14. A circuit as claimed in claim 1 including means for having the
driver circuit apply an oscillating voltage between a mid-voltage
and a low voltage at a first high frequency thereby to provide a
steady display condition, such condition being a third display
condition, and to apply a mid-voltage and a low voltage at a high
frequency gated on and off at a second lower frequency thereby to
provide a blinking condition, such blinking condition being a
fourth display condition.
15. A circuit as claimed in claim 13 including means for having the
driver circuit apply an oscillating voltage between a mid-voltage
and a low voltage at a first high frequency thereby to provide a
steady display condition, such condition being a third display
condition, and to apply a mid-voltage and a low voltage at a high
frequency gated on and off at a second lower frequency thereby to
provide a blinking condition, such blinking condition being a
fourth display condition.
16. A circuit as claimed in claim 14 including applying the second
lower frequency and not the first frequency thereby to provide a
fifth display condition, such fifth display condition being the
alternating display of the first display and the second display of
the pair of display elements, and wherein the second frequency is
applied between a voltage oscillating between the low voltage and
the high voltage.
17. A circuit as claimed in claim 1 wherein the five different
display conditions can be displayed selectively independently or in
conjunction with each other.
18. A circuit as claimed in claim 17 where the first condition is
displayed at the same time as the third or fourth condition.
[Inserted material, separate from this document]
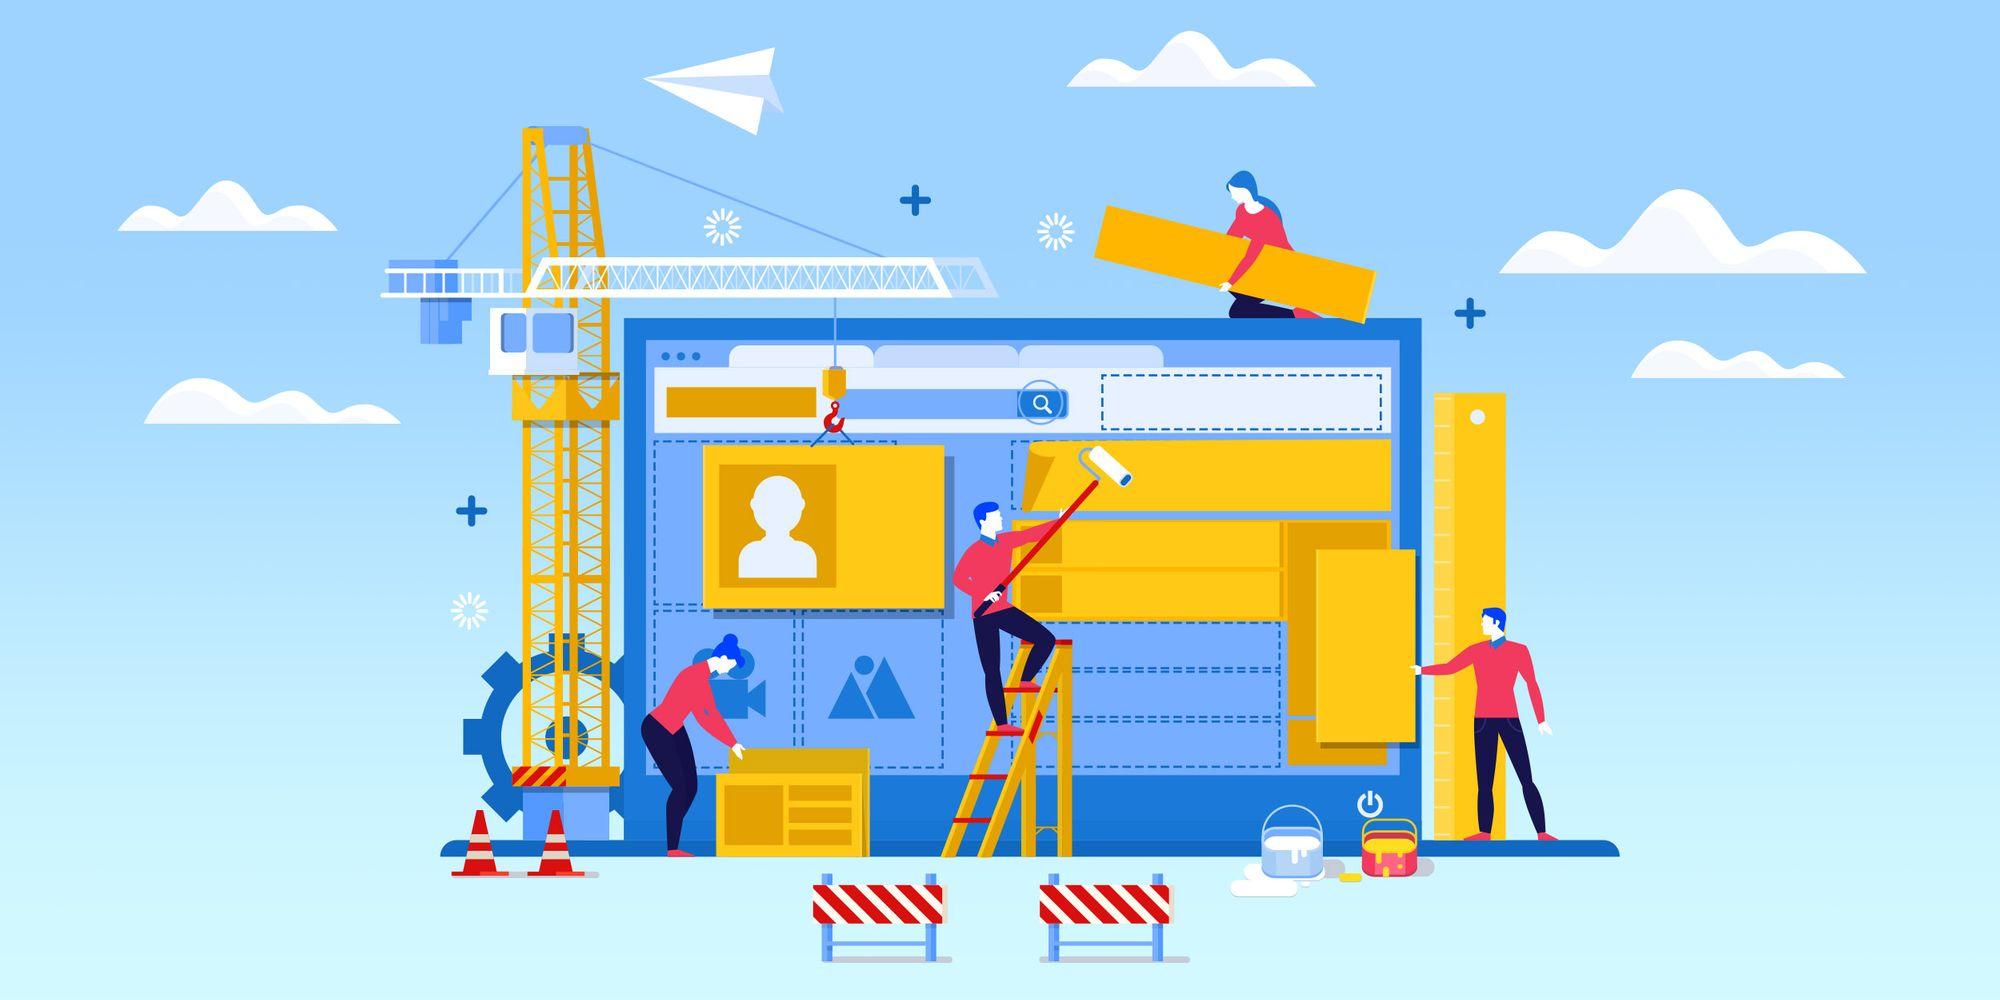 Создание сайта в конструкторе самостоятельно или заказать в веб-студии

19. A circuit as claimed in claim 17 where the second condition is
displayed at the same time as the third or fourth condition.
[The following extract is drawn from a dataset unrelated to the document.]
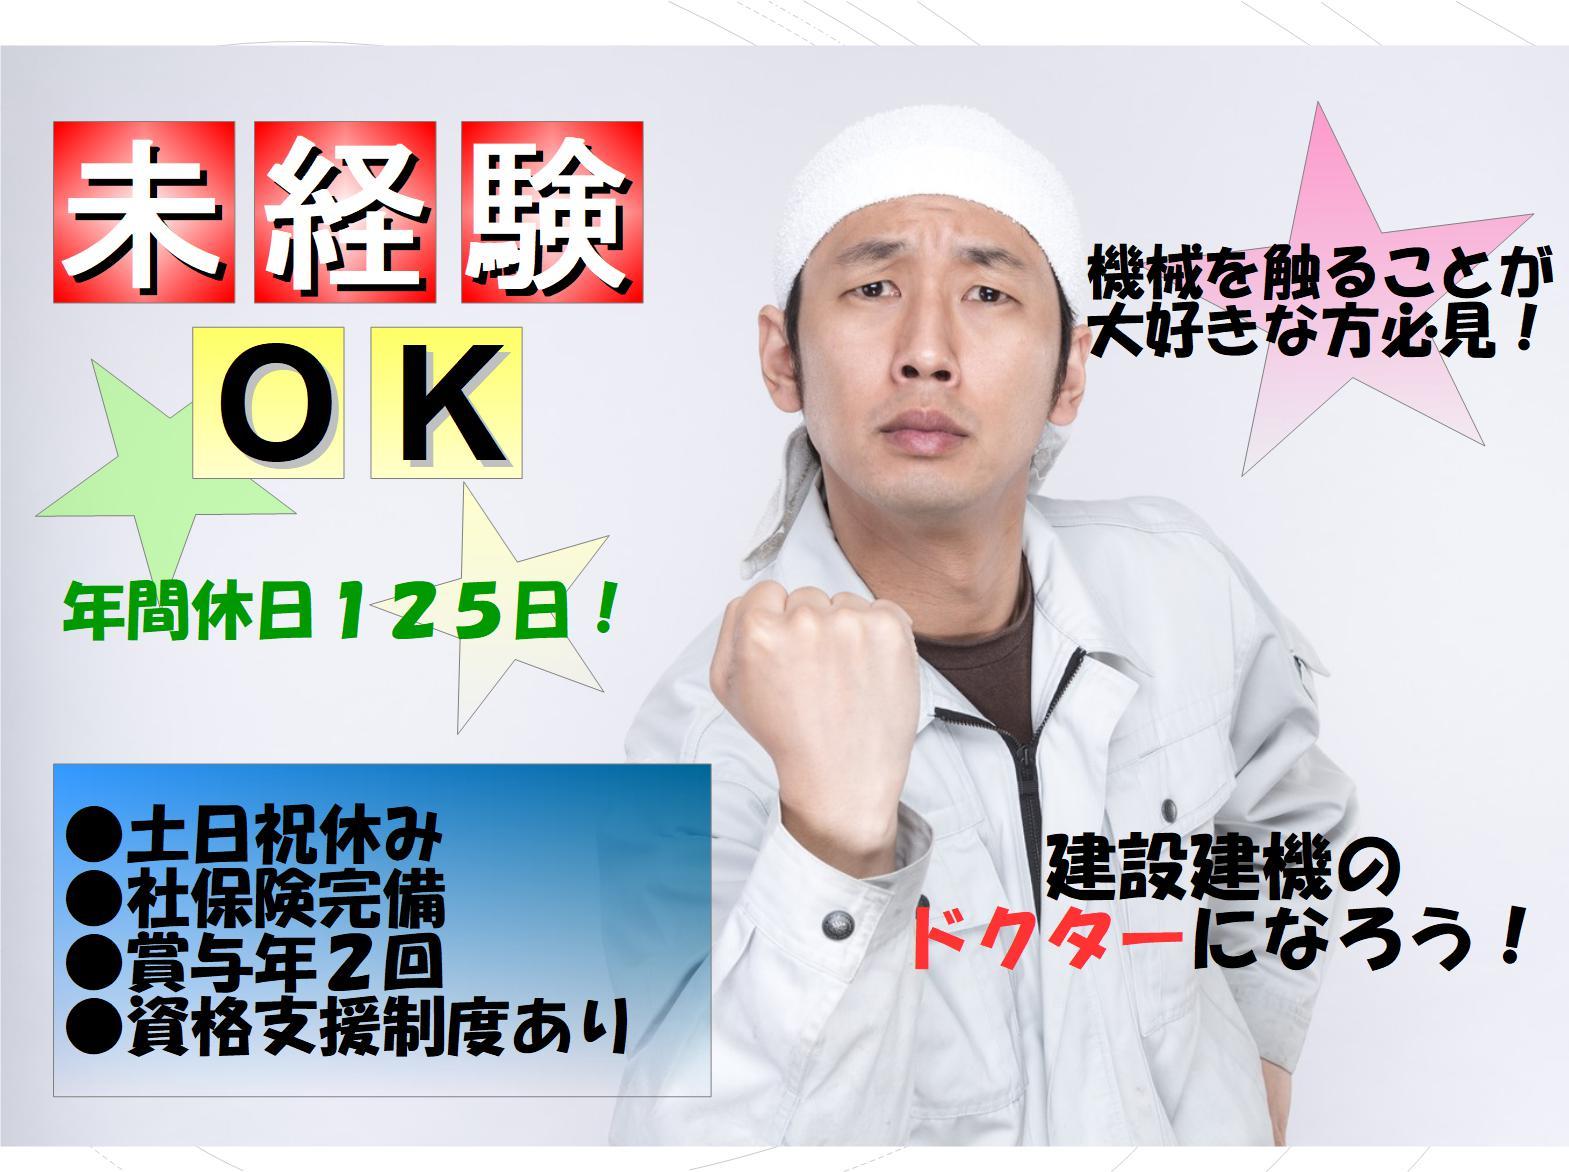 未経験から直しのプロを目指そう!建設機械整備士募集!(名古屋市) イメージ

20. A circuit as claimed in claim 17 where the third condition is
displayed at the same time as the first or second condition.
21. A circuit as claimed in claim 17 where the fourth condition is
displayed at the same time as the first or second condition.
22. A circuit as claimed in claim 15 including applying the second
lower frequency and not the first frequency thereby to provide a
fifth display condition, such fifth display condition being the
alternating display of the first display and the second display of
the pair of display elements, and wherein the second frequency is
applied between a voltage oscillating between the low voltage and
the high voltage.
23. A circuit for operating an electrical display element
comprising:
a driver circuit having an output connected to the display element,
and
means for applying an oscillating signal from the output of the
driver circuit to the display element, the oscillating signal
oscillating between a selected two of three different voltage
levels at a selected one of two predetermined frequencies wherein
the electrical display element collectively is operable to exhibit
at least three different display conditions.
24. A circuit as claimed in claim 23 including means for having the
driver circuit apply at least three different voltage levels to the
display element, and wherein the voltage levels are respectively
high, intermediate and low, and wherein oscillation between an
intermediate and high level, or between a low level and
intermediate level at a first or second frequency generates a first
and second display condition, and oscillation between a low level
and a high level at a second frequency displays a third display
condition.
25. A method of operating a pair of electrical display elements
comprising driving the pair of display elements with an oscillating
signal, the oscillating signal selected to oscillate between a
selected two of three different voltage levels at a selected one of
two predetermined frequencies, and having the pair of electrical
display elements collectively exhibit at least five different
display conditions.
26. As method as claimed in claim 25 including having display
elements be LEDs oppositely poled relative to a three-state buffer,
and wherein one LED emits a first color and a second LED emits a
second color.
27. A method as claimed in claim 25 including applying an
oscillating voltage between a high voltage and mid-voltage at a
first high frequency thereby to provide a steady display condition,
such condition being a first display condition, and a high voltage
and a mid-voltage at a high frequency gated on and off by a second
lower frequency thereby to provide a blinking display condition,
thereby to provide a second display condition.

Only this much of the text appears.